**Work item**
Repeat the listing below verbatim, without its images.

### Data section ###

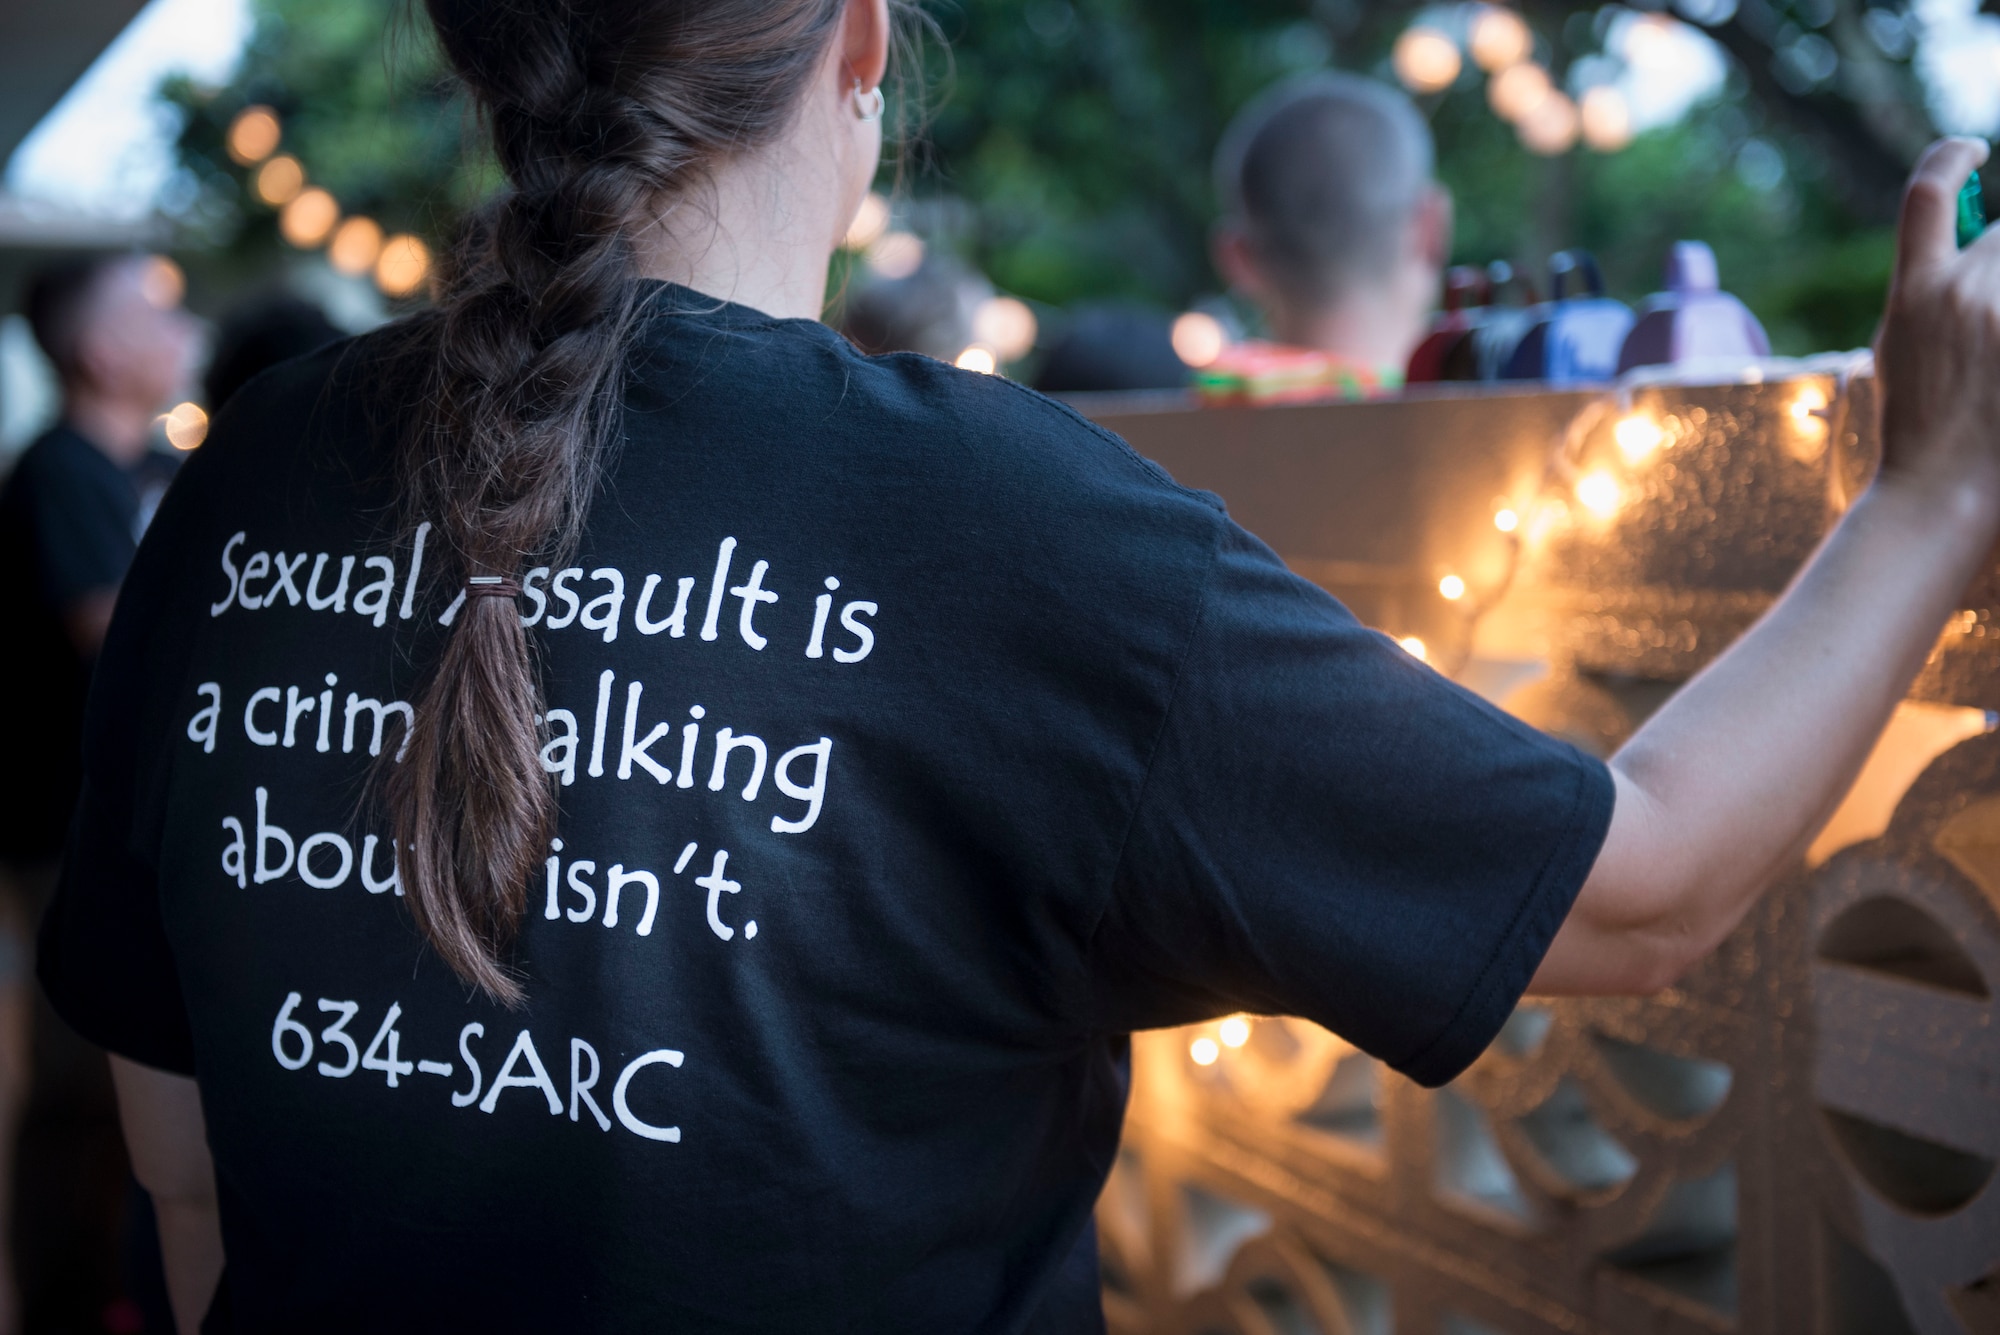 Women, men and children united together and marched against sexual assault during the Take Back the Night march April 29, 2016, at Kadena Air Base, Japan. The Take Back the Night event is held annually on Kadena Air Base to raise awareness around the installation about sexual assault. (U.S. Air Force photo by Senior Airman Omari Bernard)
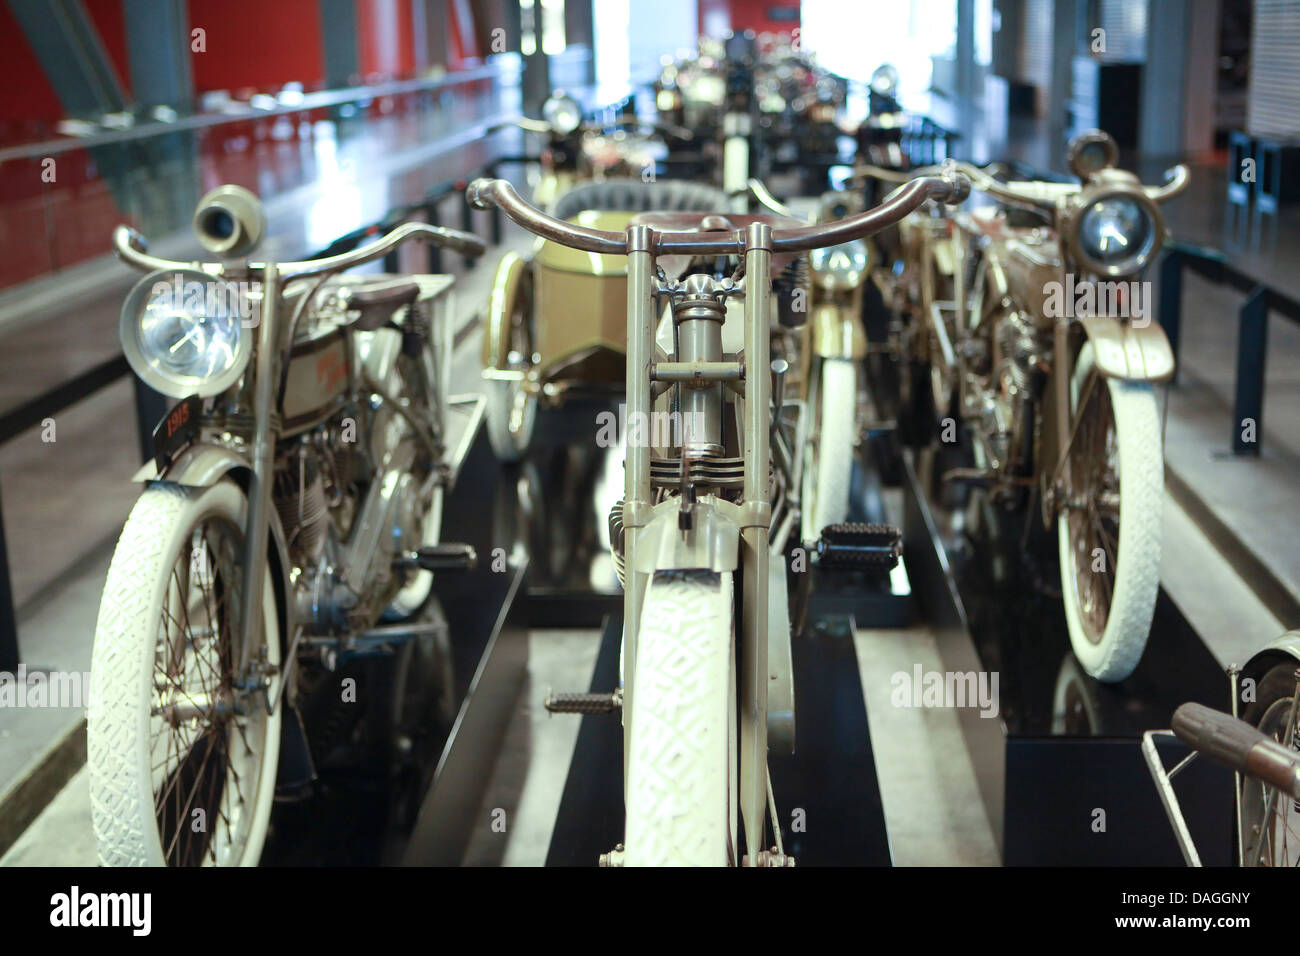 1900' Harley-Davidson motorcycles are seen on display at the Harley-Davidson museum in Milwaukee, Wisconsin Stock Photo
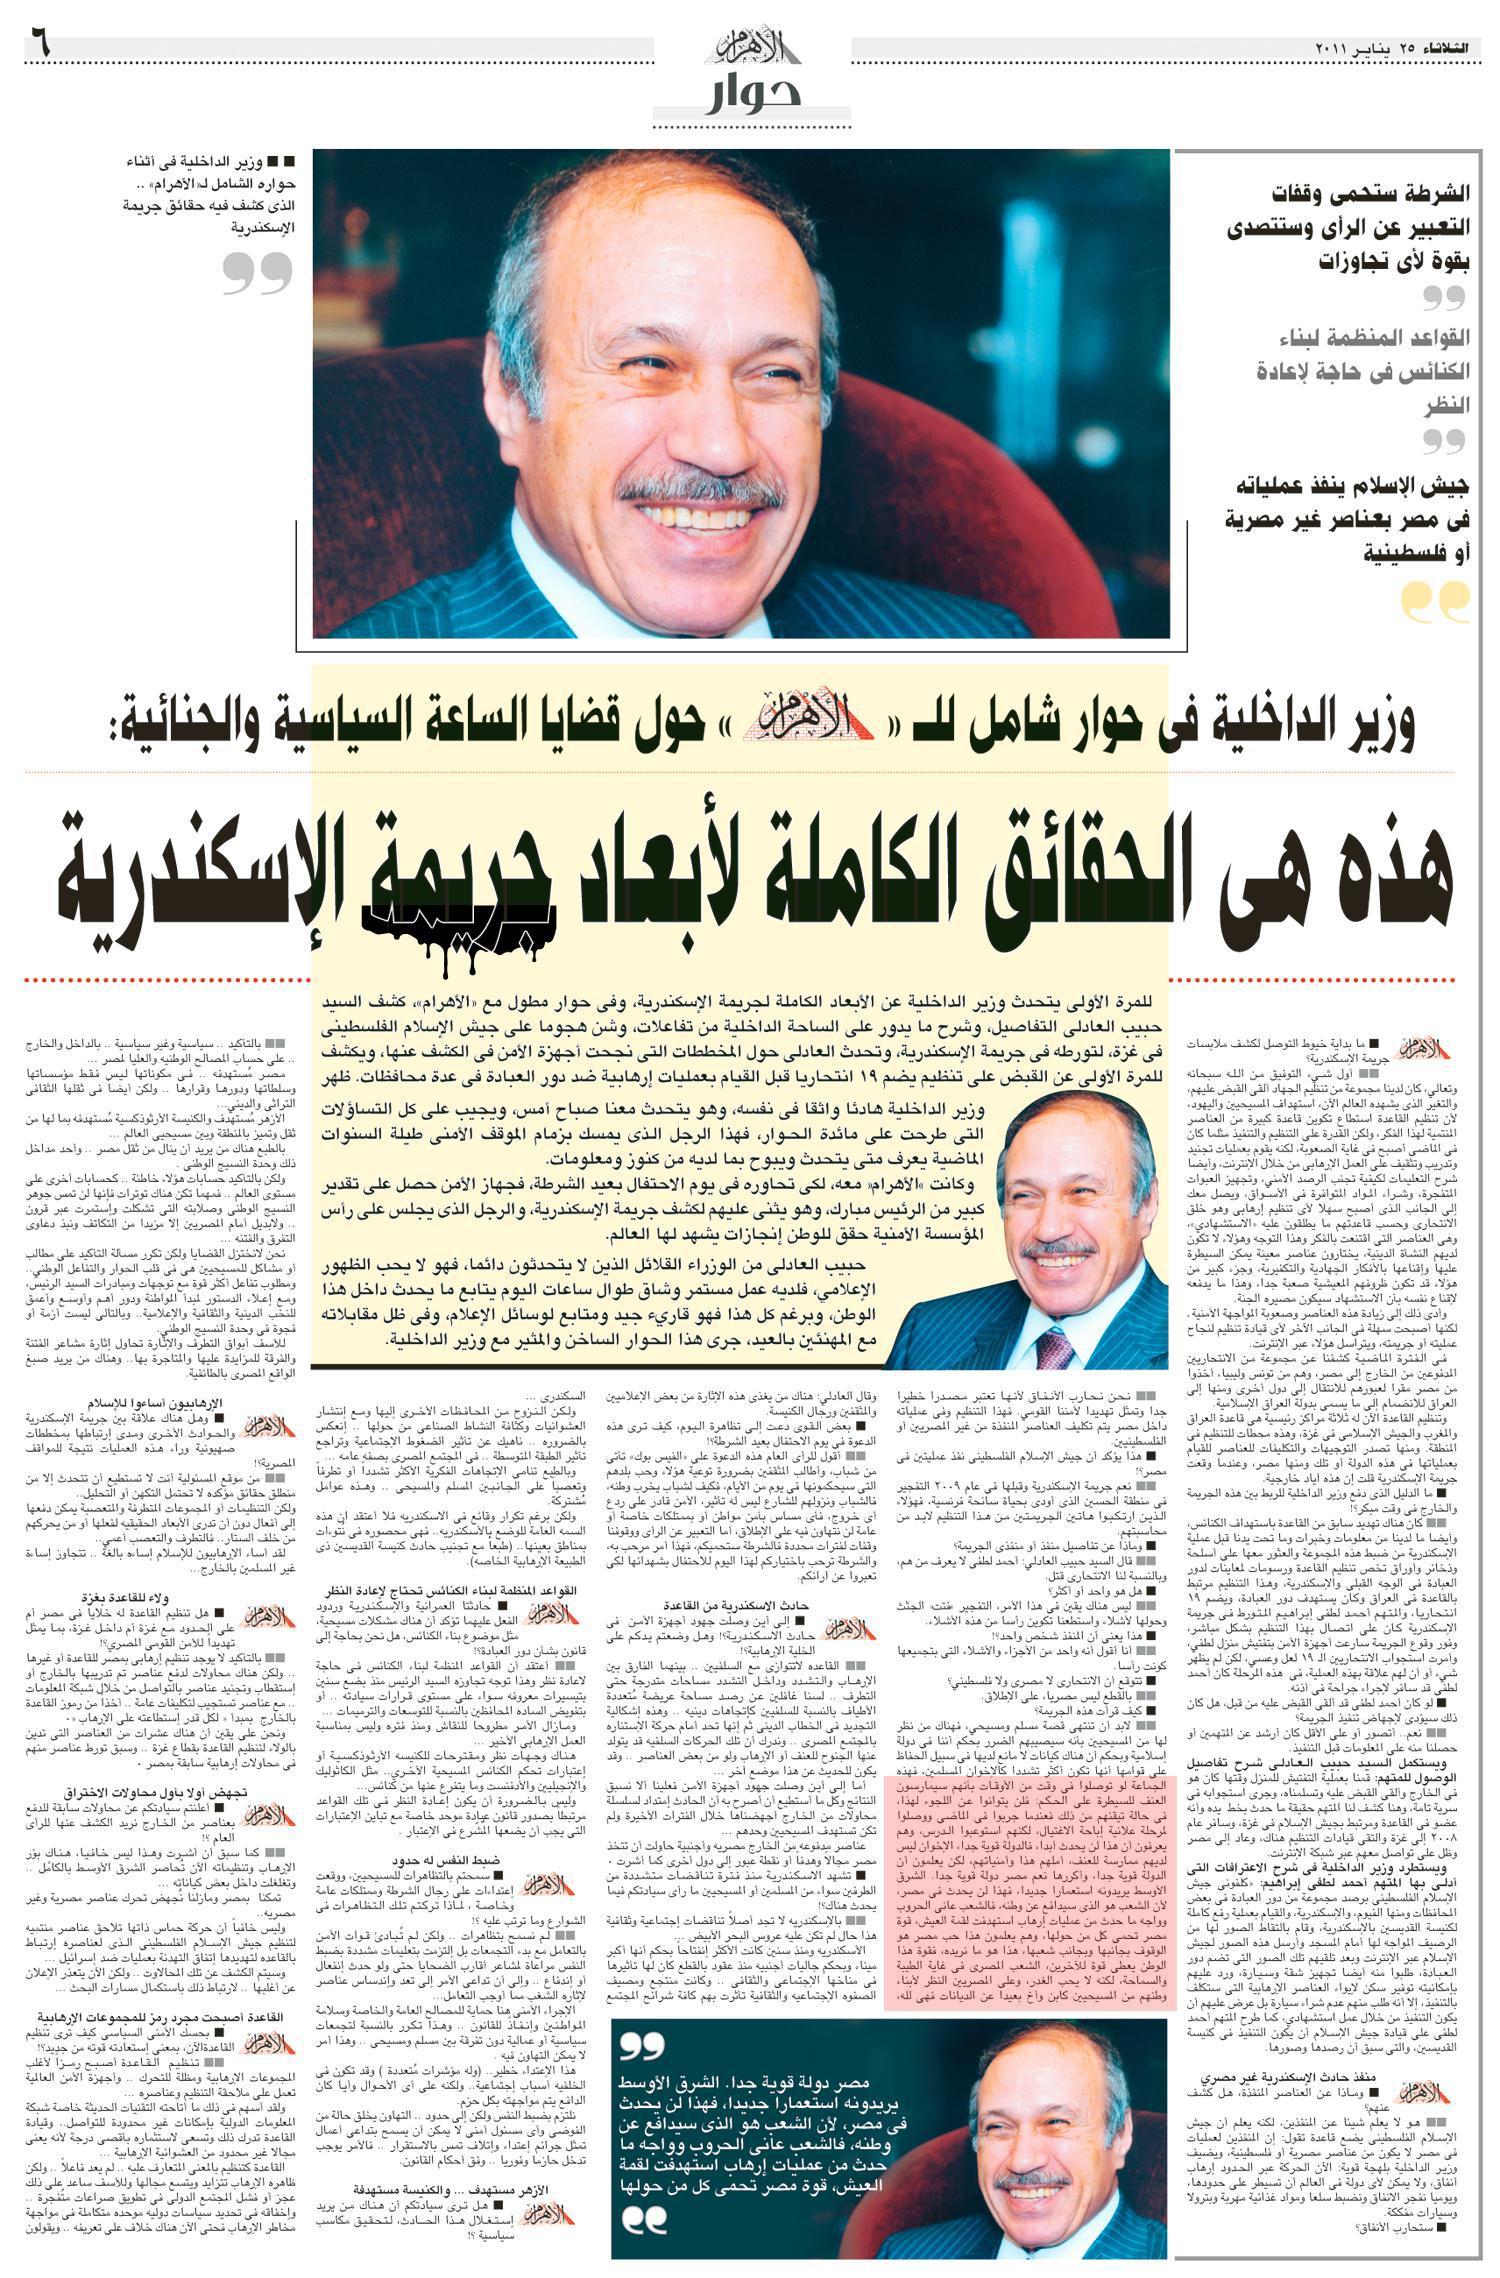 Minister of Interiors Habib Al-Adly interview as appeared on page 6 of the Egyptian daily Al-Ahram, January 25, 2011.

###

**Answer to this task**
 Women, men and children united together and marched against sexual assault during the Take Back the Night march April 29, 2016, at Kadena Air Base, Japan. The Take Back the Night event is held annually on Kadena Air Base to raise awareness around the installation about sexual assault. (U.S. Air Force photo by Senior Airman Omari Bernard)
 1900' Harley-Davidson motorcycles are seen on display at the Harley-Davidson museum in Milwaukee, Wisconsin Stock Photo
 Minister of Interiors Habib Al-Adly interview as appeared on page 6 of the Egyptian daily Al-Ahram, January 25, 2011.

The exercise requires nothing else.